Леонида попросила Юдит помочь ей наколоть соли. Юдит взялась за топор, и соль стала крошиться. Губы свекрови вновь изогнулись дугой, но не от печали, хотя вряд ли известие о блокаде могло заставить кого-то улыбаться. Может, свекровь сходит с ума, или она просто не знает, как реагировать на сухие глаза Юдит? Может, ей следует разрыдаться при мысли о том, что муж, возможно, находится на Ленинградском фронте? Изображать скорбь или, напротив, надежду? Мать слышала, что кто-то видел ее мужа среди тех, кого отправляли под Ленинград, но стоит ли верить таким слухам? Свекровь об этом не говорила, но Юдит переживала. Ей хотелось уехать обратно в Таллин. Острые взгляды свекрови и Леониды клевали ее лицо, так что становилось нестерпимо больно. С Розали было невозможно поговорить наедине; свекровь и Леонида все время шныряли где-то поблизости, просовывали голову в дверь именно в тот момент, когда Юдит думала, что они ушли в хлев, выныривали из-за спины, когда Юдит хотела пойти вместе с Розали кормить кур. Розали, казалось, ничего этого не замечала, занималась все время какими-то делами или теребила в руках истрепавшийся край кофты, который все время жевала ее любимая корова, отводила взгляд и, схватив фонарь, тут же убежала в хлев, как только свекровь заговорила с Юдит: она начала издалека и пояснила, что беспокоится о том, как Юдит будет искать покупателей для банок с жиром, в деревне это гораздо проще. Немцы ходили по домам и спрашивали: ein Eier, eine Butter, ein Eier, eine Butter[5] с таким отчаянием, что свекрови становилось их жалко.

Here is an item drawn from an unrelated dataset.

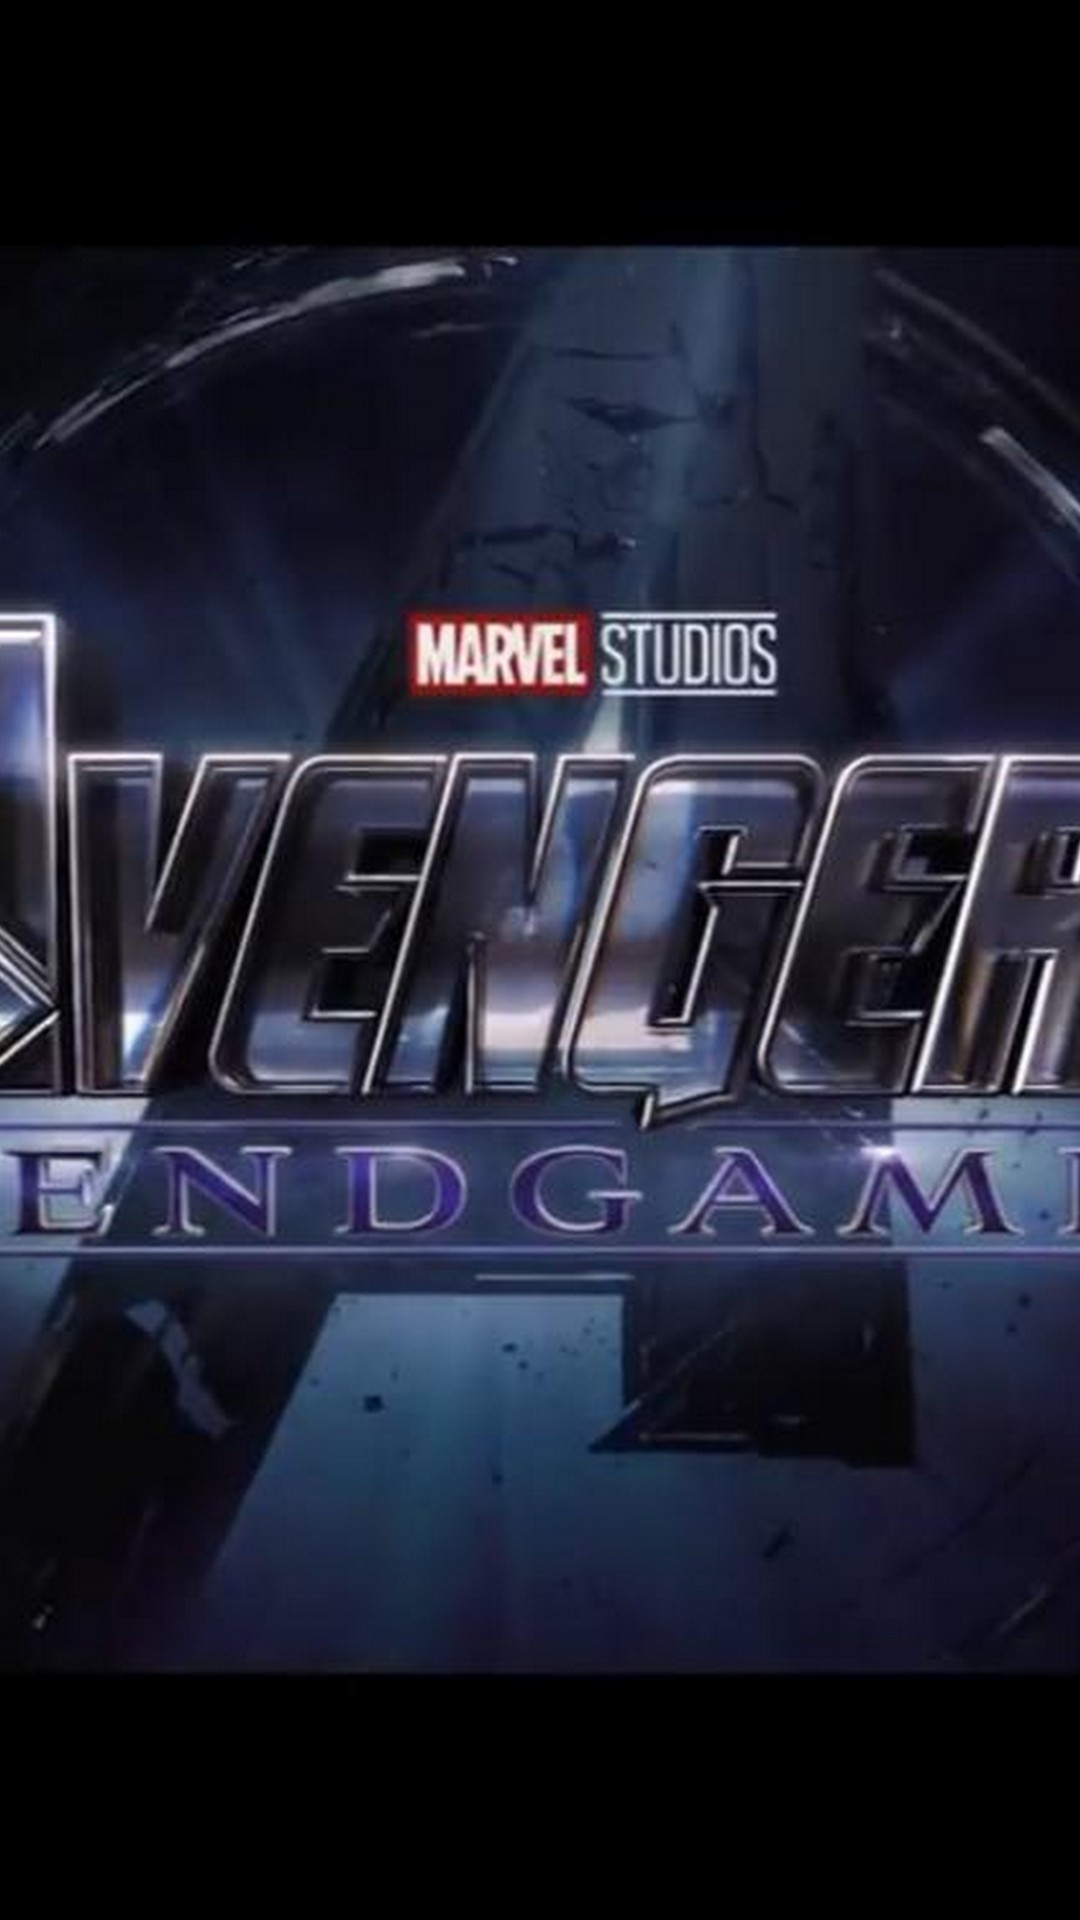 Avengers Endgame 2019 Backgrounds For Android With - Marvel Studios - HD Wallpaper 
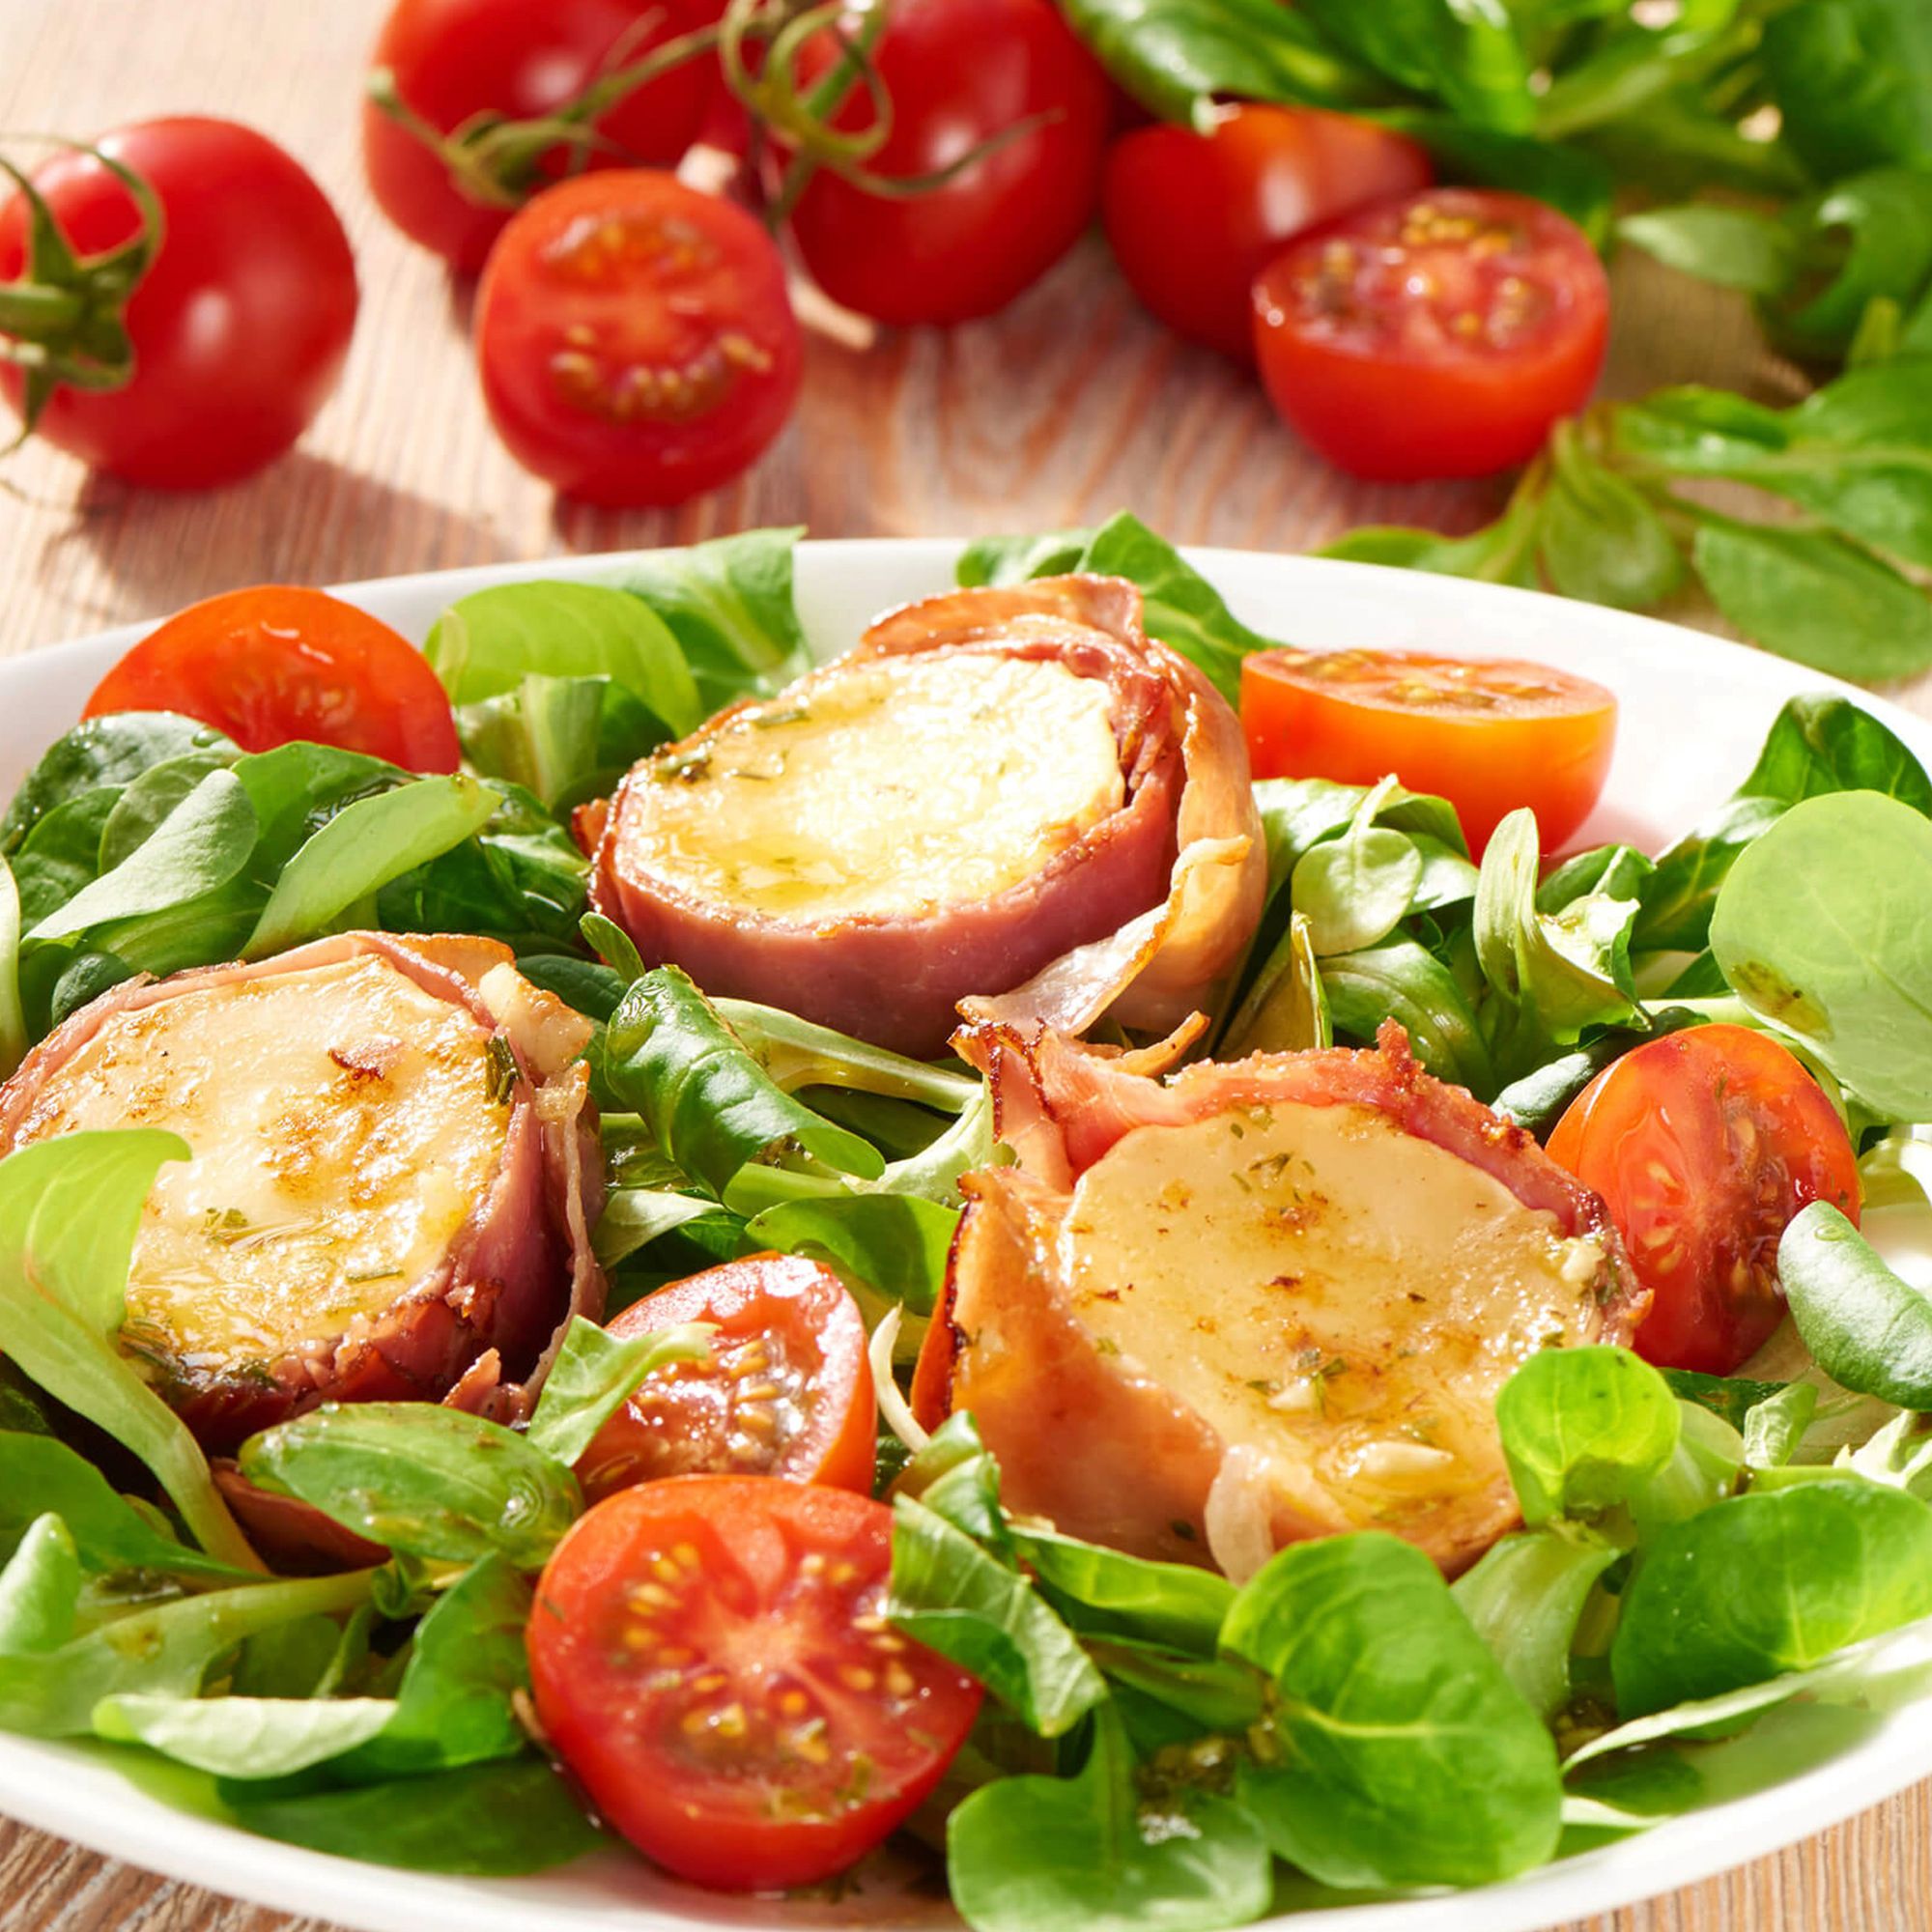 Tomato and Lettuce Salad with Mayo

– Их дети умирают от голода, у многих из них есть дети. Ты поймешь, что это значит, как только у тебя будут свои.

И свекровь пристально посмотрела на талию золовки. Юдит подняла руку к животу и уставилась на сервант, где на полке стоял целый ряд пустых солдатских банок: пищу нельзя было посылать, но остальное можно. По полу что-то пробежало, и Юдит заметила мышь, юркнувшую за чемодан, а следом за ней вторую. Она сильнее нажала на живот, а свекровь продолжала говорить, открыв ящик серванта, полный солдатских плиток шоколада. Леонида носила их дежурным в устроенном на крыше школы посту противовоздушной обороны и в придачу укутанный в шерстяные платки пятилитровый бидон теплого супа. После энергетического шоколада Schoka-kola наблюдатели не смыкали глаз.

– Что эти парни могут дать взамен? Разве что несколько восточных марок. Я-то все вынесу, а вот дети!

5

Яйцо, масло, яйцо, масло (нем.).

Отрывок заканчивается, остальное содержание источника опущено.